Identifying Non-genuine Autographs
By: Brian G. Kathenes, ISA CAPP
Last week I was going through my files and came across my 'education folder'. The 'education folder' is a file full of most of my major buying mistakes form my early days as an autograph dealer in the 1980. It is so named, because every time I made a mistake, I learned - - the hard way. It contains forgeries, autopen facsimiles, and printed signatures. At the time of purchase, I thought they were genuine. Most of them were acquired in my early years as a dealer. I am not certain, but there is a good chance that I could have taken that 'education money' and paid for medical school.
To hopefully save you from the heavy investment in your 'autograph education', I have described some of the very common, non-genuine items that you may run into in your autograph hunts, whether they are at flea markets, garage sales, or from other collectors.
The number one rule to remember is: Assume it is not real until proven otherwise. We all want to believe that we have made a great find. It is in our nature to discover a treasure for a fraction of the actual price. Think first. Not only do you need a keen eye, but you also need a clear head. Many times I have seen an item at a paper show or flea market and wanted to believe so badly that I found a real bargain I forgot to look it over carefully and inspect it for all the points of authenticity. Save yourself time, money, and frustration. Assume it is not authentic -- then inspect it closely to see if it is.
Perhaps the most common fake signatures are on printed letters, signatures, and photos. There are more engravings with signatures below them than there are snowflakes in Alaska. Almost all of these signatures are printed. Look at them very closely, even with a magnifying glass. Several factors are a dead giveaway of a printed signature; the ink color is identical to the ink color of the engraving; engraved lines can be seen in the signature; the intensity of the ink is uniform throughout the signature.
Many official documents contain facsimile signatures of famous people. Many Presidential Postal Appointments contain genuine signatures of a Postmaster General, but a steel-stamped or engraved signature of the President. Coolidge postal appointments are famous for this.
There are many very common printed letters that you may discover in your search for autographs. Harry Truman sent printed letters, shortly after he left office, to thousands of supporters. Herbert Hoover sent a printed 3x5 card thanking writers for their “kind birthday wishes.”
Letters and notes without a personalized greeting or salutation are clues of non-authentic items. Other famous printed letters include: Winston Churchill's birthday thank you letter, King George's letter dated 1918 to the "Soldiers of the United States..." and many of the cards sent from the White House.
Another field of excitement, and disappointment, is the discovery of Presidential Land Grants. Many thousands of acres of land were given away as payment for services rendered to the U.S. Government. Almost all land grants after Jackson were signed by the President's secretary and not the President.
Autopens are a 20th century technological tool, and a headache for autograph collectors. An autopen can reproduce an exact copy of a person's signature thousands of times. And --- the machine does it with a real pen in its mechanical hand. Each signature is exactly like the previous one. Be cautious. You will need known examples of autopen signatures to determine if the signature in question is an autopen.

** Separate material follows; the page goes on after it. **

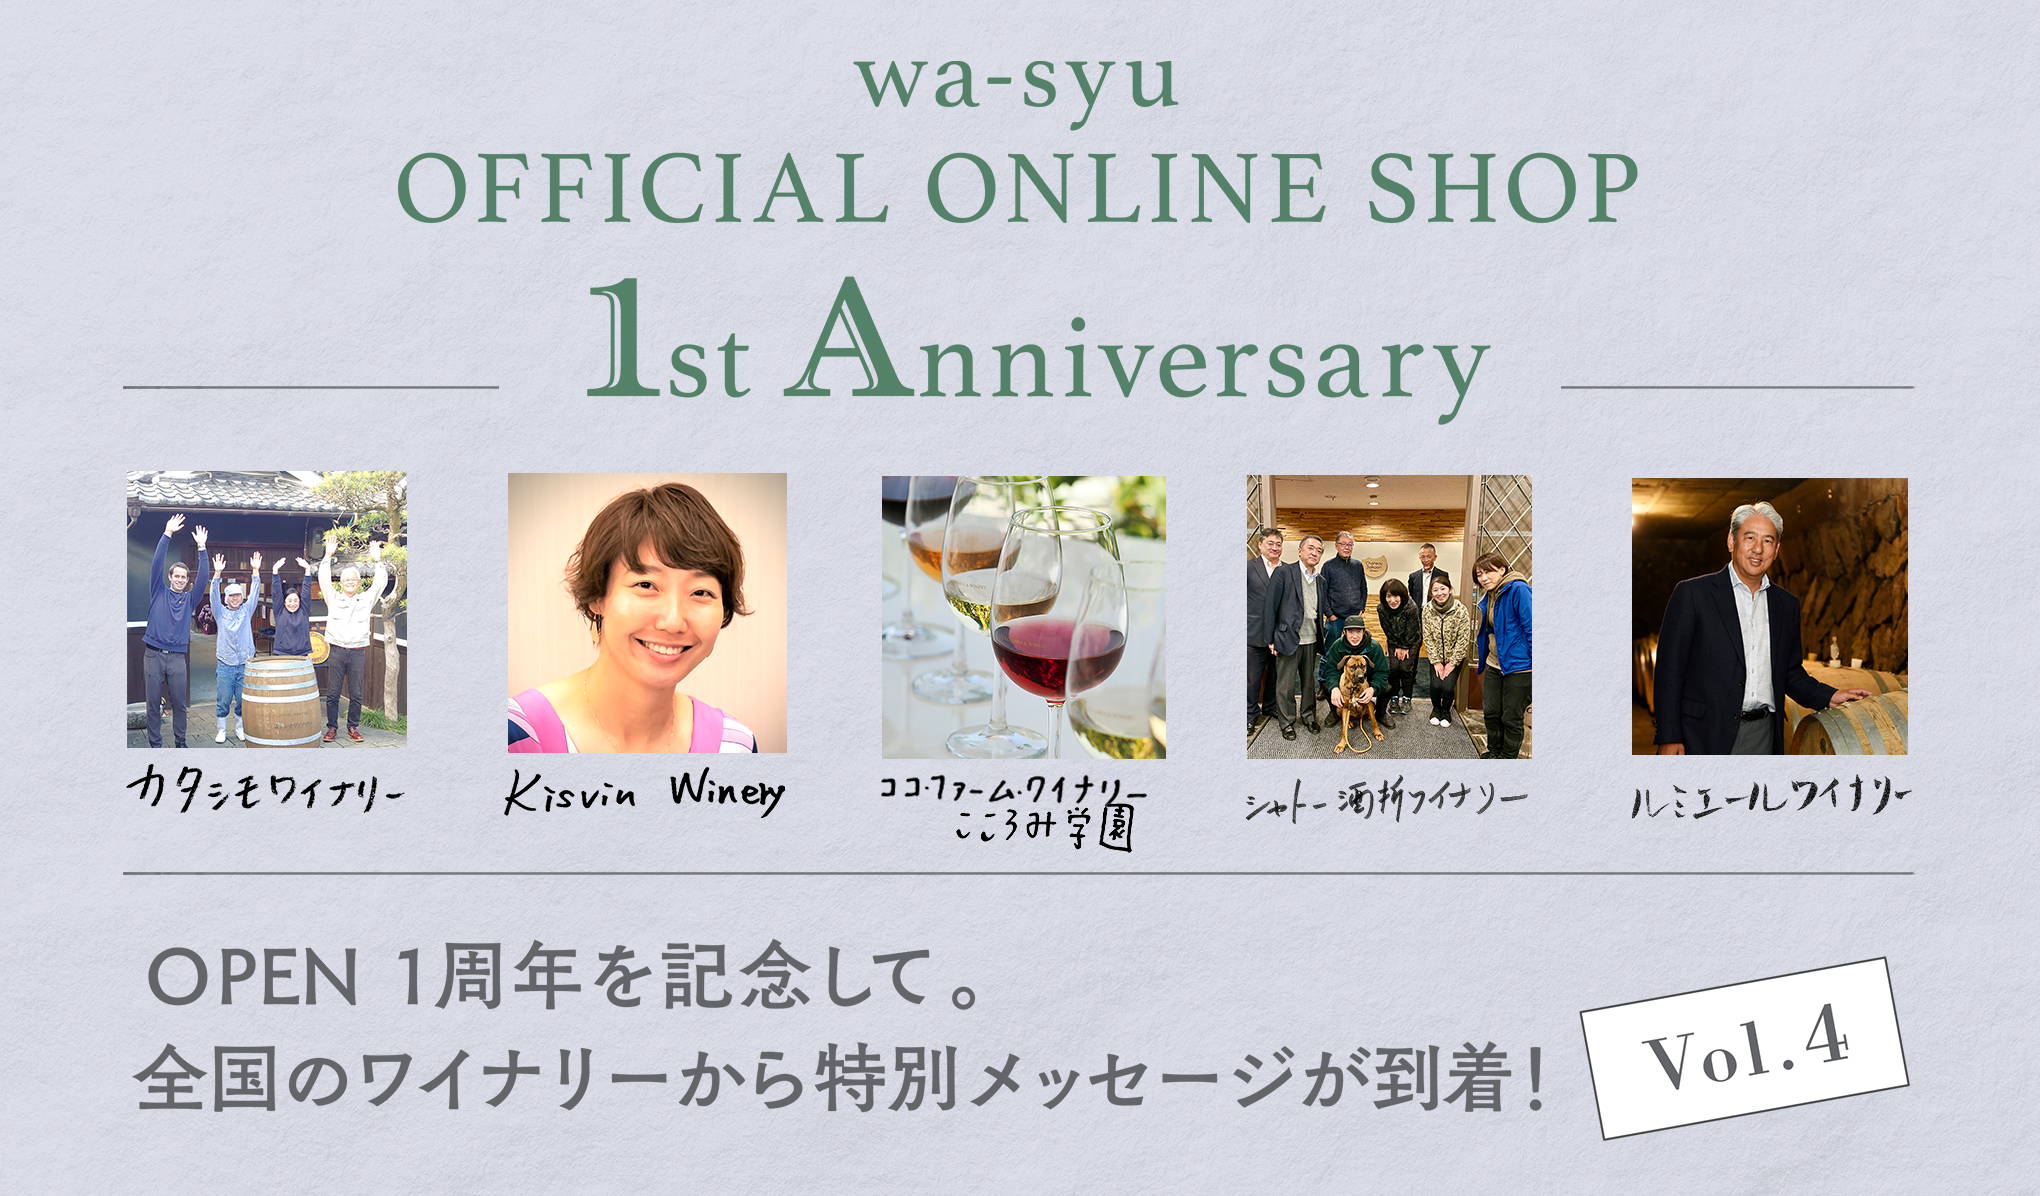 wa-syu 1st Anniversary｜全国のワイナリーより特別メッセージ Vol.4が到着！

Place one signature on top of one another and lay them both on a light table. Align them to see if they match. If they are an exact match, it is an autopen. Some VIPs had vmore than one autopen pattern, so you need them all to be sure. Other characteristics of an autopen signature include: an even pen pressure throughout the signature; a drawn appearance; a noticeable minute wiggle or shake on occasion.
There are some excellent forgeries and some very poor attempts. Avoiding forgeries is best accomplished by purchasing material from a reputable dealer, or retaining a professional, certified appraiser to help you. A dealer that guarantees material for the life of the item is important, but make sure they are going to be around to make good on the guarantee, if the need arises.
If you want to be a good autograph detective, you must study, study, and study some more. Your personal library should contain as many books, references, and articles as you can find. Subscribe to autograph magazines and catalogs. Stay current on autopens, forgeries , and new discoveries on non-genuine material. With careful examination and close inspection, you can keep the cost of your 'education folder' to a minimum.